Я просыпаюсь каждое утро счастливым, потому что чувствую себя здоровым, взрослым, симпатичным мужиком в самом расцвете сил. У меня трое чудесных детей, красавица жена, я работаю шеф-поваром в одном из лучших ресторанов нашего города. Ограничений у меня никаких нет. Может, только по горячим углям не хожу, с тарзанки не прыгаю и на животе спать не получается, потому что у меня очень маленькая шея, ее почти нет, так срослось. Но меня это не сильно парит.
— Как вы познакомились с женой?
— Перед тем как вернуться к нормальной жизни, я прокачивал себя. Убеждал, какой я офигенный. Это тяжело. В 21 год у меня были большие красные шрамы на лице, которые бросались в глаза. Сейчас их не шибко видно, но они есть, просто стали телесного цвета. Еще был выворот нижних век, они тоже были сильно красные. Из-за этого ходил в темных очках. Конечно, девушки отказывались знакомиться. Многие смотрели на меня как на животное в зоопарке. Короче, я начал прокачивать скилл, чтобы научиться брать не внешностью, а харизмой. А потом понял, что нормальные женщины оценивают мужчину не по тому, как он выглядит.
Мне было 27 лет, когда я познакомился с женой по Интернету. Где еще знакомиться в нынешнее время? На улице люди не знакомятся, в метро — тоже. Потому что в метро люди едут с утра сонные, вечером — уставшие. У нас довольно быстро завязались отношения. Ее ничего не смутило.
— Вы сразу все рассказали о себе?
— Не сразу. Я никогда не откровенничаю с первым встречным. Есть закрытые темы. Кстати, многие из моих коллег, с которыми я два года работаю, буквально сегодня узнали мою историю — перед тем, как вы пришли.
— Неудивительно, что они ничего не замечали, как и я.
— Это результат долгой и трудной работы. Шрамы, которые на руке и теле, я забил татуировками. Сделал себе пересадку бороды.
— В Институт международных отношений поступили, как мечтали?
— Не поступил, потому что пропустил год. Пошел туда, куда взяли. Учился на заочке, потому что планировал работать.
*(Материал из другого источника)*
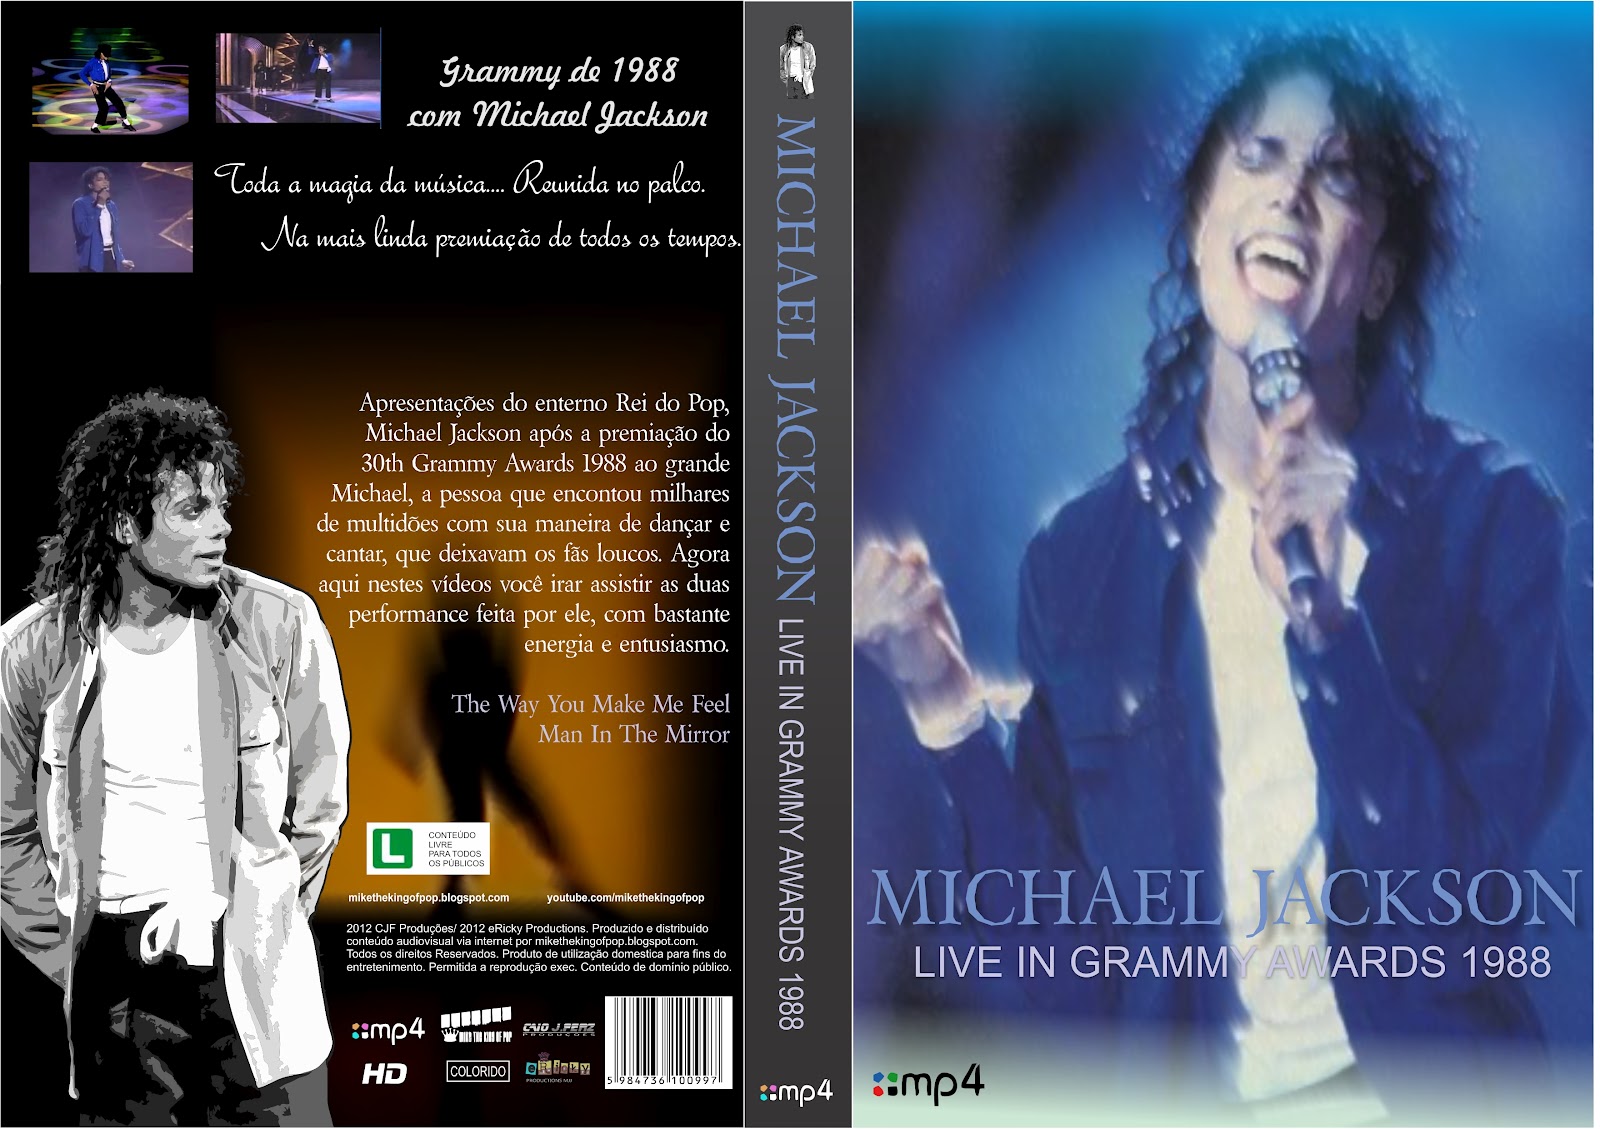 http://2.bp.blogspot.com/-LE494b7IZDQ/T4SwVFSM4DI/AAAAAAAAADk/pPWge5AigBo/s1600/Capa+-+Michael+Jackson+Live+In+Grammy+Awards+1988+HD.jpg
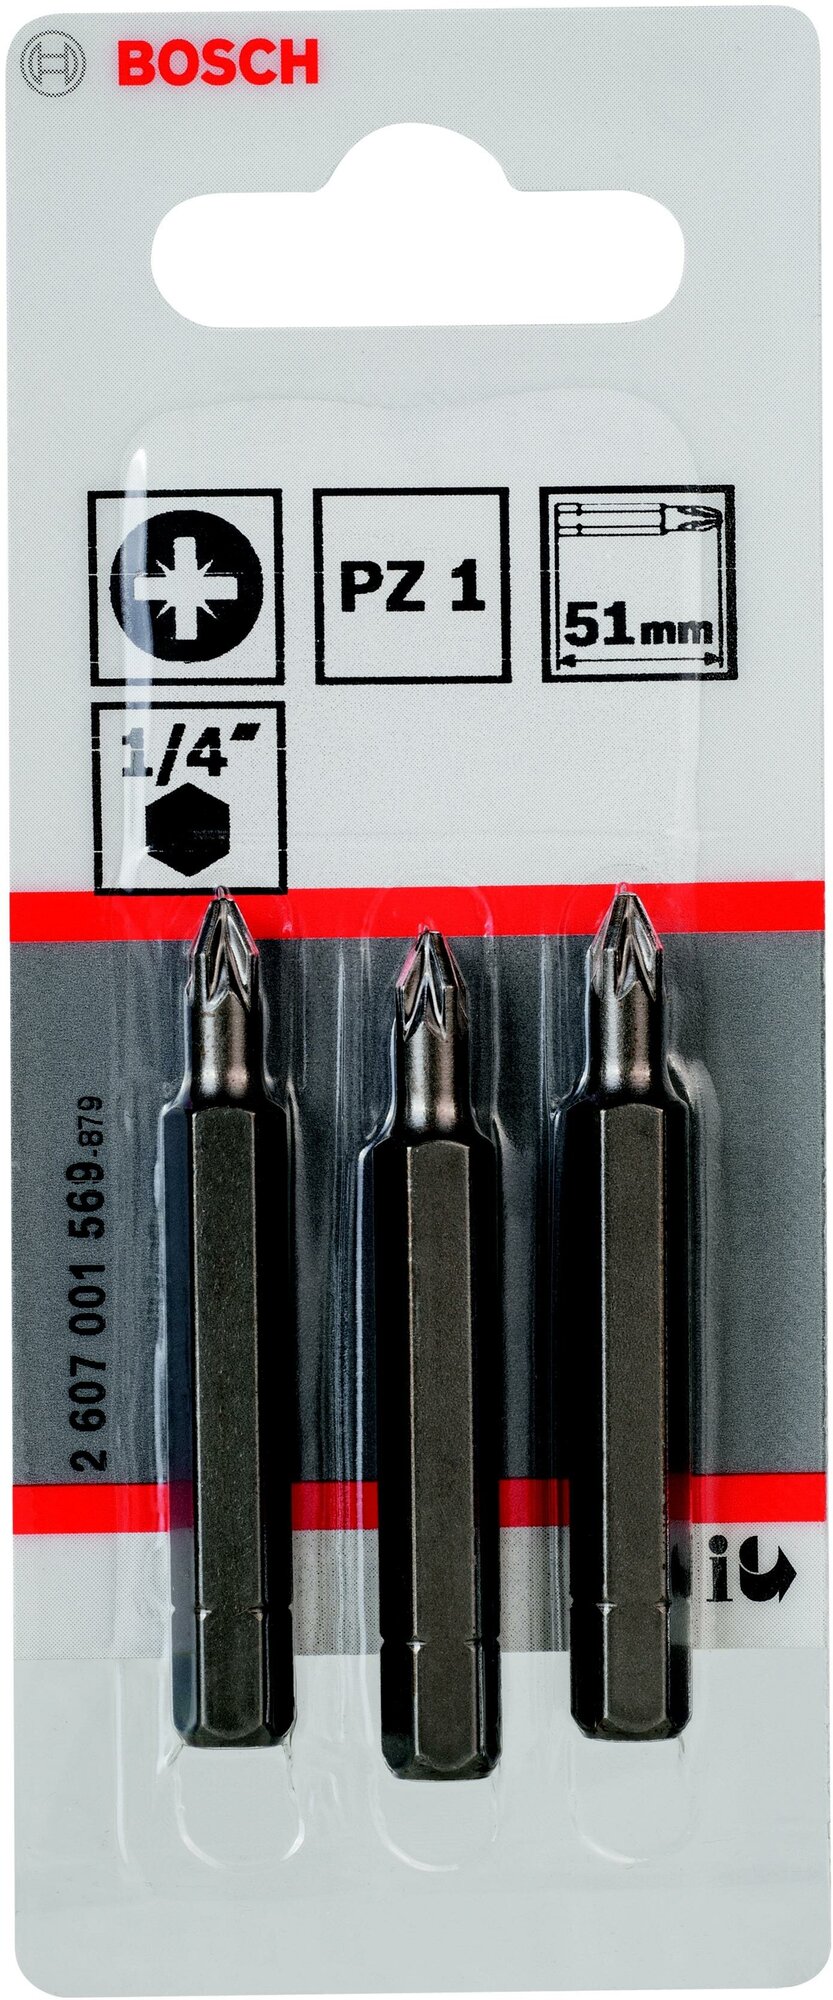 Биты для шуруповертов Bosch PZ1 2607001569, XH, 51 мм, 3 шт. - фотография № 7

Но диплом не получил: институт меня кинул. Потом оказалось, это такая была стремная шарага. Про них даже сюжет снимали. Да фиг бы с ними!
— Почему решили стать шеф-поваром?
— Я всегда любил вкусно поесть. В студенческие годы у меня не было возможности ходить по ресторанам, поэтому я учился готовить дома, по видеороликам. Затем работал в разных ресторанах по нескольку месяцев, чтобы набить руку. Так продолжалось долгое время, пока я не набрал определенный багаж опыта, знаний, чтобы потом их применить. И вот теперь я в одном из самых лучших ресторанов.
— О случившемся часто вспоминаете?
— У меня нет на это времени и желания. Моя история — не про победу над смертью. Она про то, что, оказавшись на дне, я поднялся с колен и доказал миру, что смог. А себе я доказал, что уродливое лицо не мешает стать счастливым.
Я согласился на интервью, чтобы передать основной месседж, мой крик обществу: перестаньте смотреть и оглядываться на людей, которые не похожи на вас! Я человек, а не животное, у меня тоже есть чувства. Если хотите оказаться в моей шкуре — облейтесь помоями и ходите так весь день. Увидите, с каким страхом и отвращением на вас будут смотреть окружающие. Тогда вы поймете, что переживал я. Разница лишь в том, что вы можете отмыться. А я — нет. Я хочу, чтобы мое интервью было неким фидбэком. Возможно, кто-то узнает себя в этом рассказе.